В четвертом действии Станиславский сталкивает этих безобразников лицом к лицу с теми, кто хочет вырвать для себя хоть немного нормальной человеческой жизни. Встреча в лесу хлыновской компании, переодетой разбойниками, с Парашей — наиболее трагическая минута спектакля, спектакля, в котором все время в действенном противоречии находятся человечность и самодурство, природа и мишурный блеск, поэзия и чудовищная пошлость.

Пьеса «Горячее сердце» близка Щедрину и Гоголю по силе сатирического обобщения. Она близка Гоголю по интонации здорового, народного, «восторженного» смеха, звучащего в комедии. И это замечательно понял и раскрыл Станиславский. Он сказал, что понимает и будет ставить «Горячее сердце» как пьесу «гоголевского плана».
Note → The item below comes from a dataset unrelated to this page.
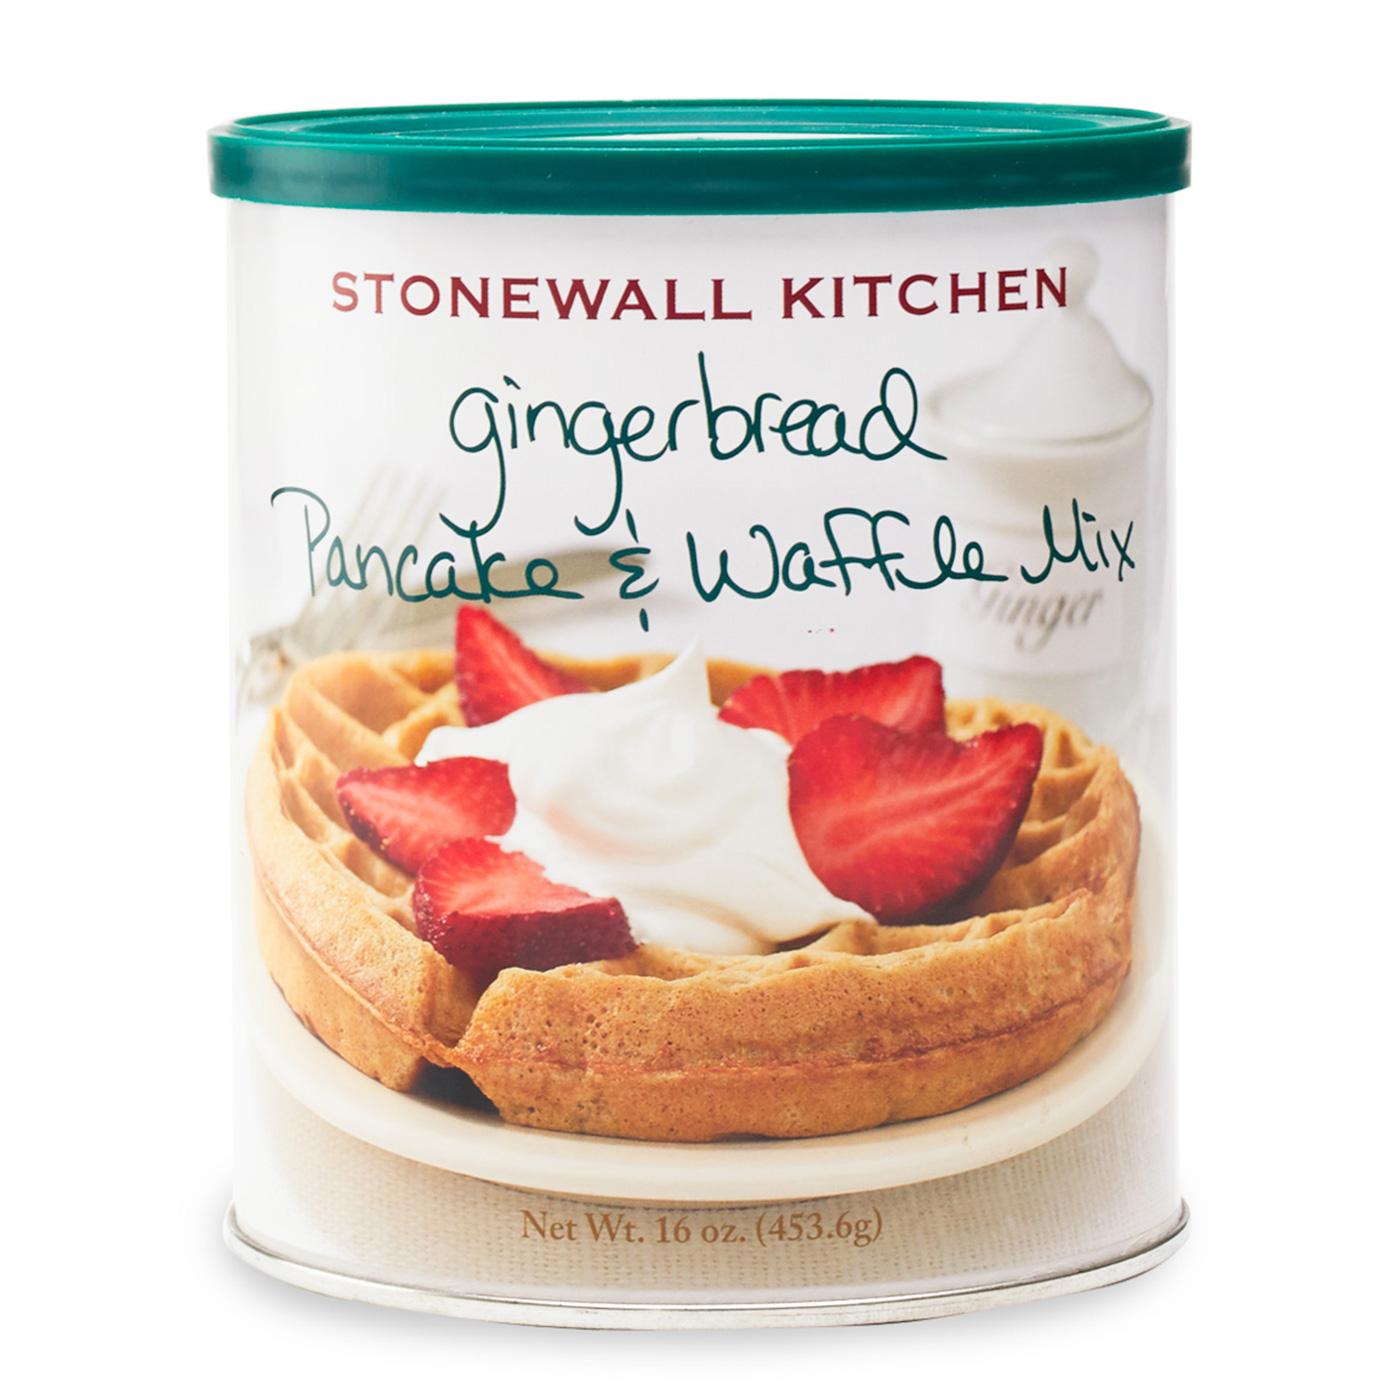 gingerbread pancake waffle mix pancakes syrups stonewall kitchen rh stonewallkitchen com stonewall kitchen pancake mix review stonewall kitchen pancake mix uk

Но сатирические образы не заключают в себе, всю поэтику «Горячего сердца». Пьеса просторнее, богаче, чем только сатира, и сценическое решение Станиславского явилось гениальной разгадкой общего большого замысла драматурга. Нам чудится в словах о «гоголевском плане» намек на тот широкий эпический размах, с которым поставлен спектакль.

Подобно тому как в «Мертвых душах» помимо Собакевича, Плюшкина, Манилова и Ноздрева есть русская тройка, несущаяся по бесконечным дорогам, есть маленькие городишки с лавчонками, пыльными улицами, мучными бочками и калачами, есть Селифан, будочник, Петрушка, мужики, есть дороги и шлагбаумы, серые деревни, пестрые поля и колокольный звон, есть то, что 67 называлось Россией и представляло собой явление сложное, трагическое и противоречивое, — так в спектакле «Горячее сердце» у Станиславского помимо Хлынова и Курослепова есть девка в цветном сарафане, есть работники Курослепова, дворники в фартуках из мешковины и будочники, есть просители, зябнущие на площади, и изнуренные арестанты, есть русская песня, то тоскливая, то разудалая, но всегда хватающая за сердце, есть причитание Параши у тюремных стен и трагическая сцена в лесу, есть крики домовых в чаще деревьев…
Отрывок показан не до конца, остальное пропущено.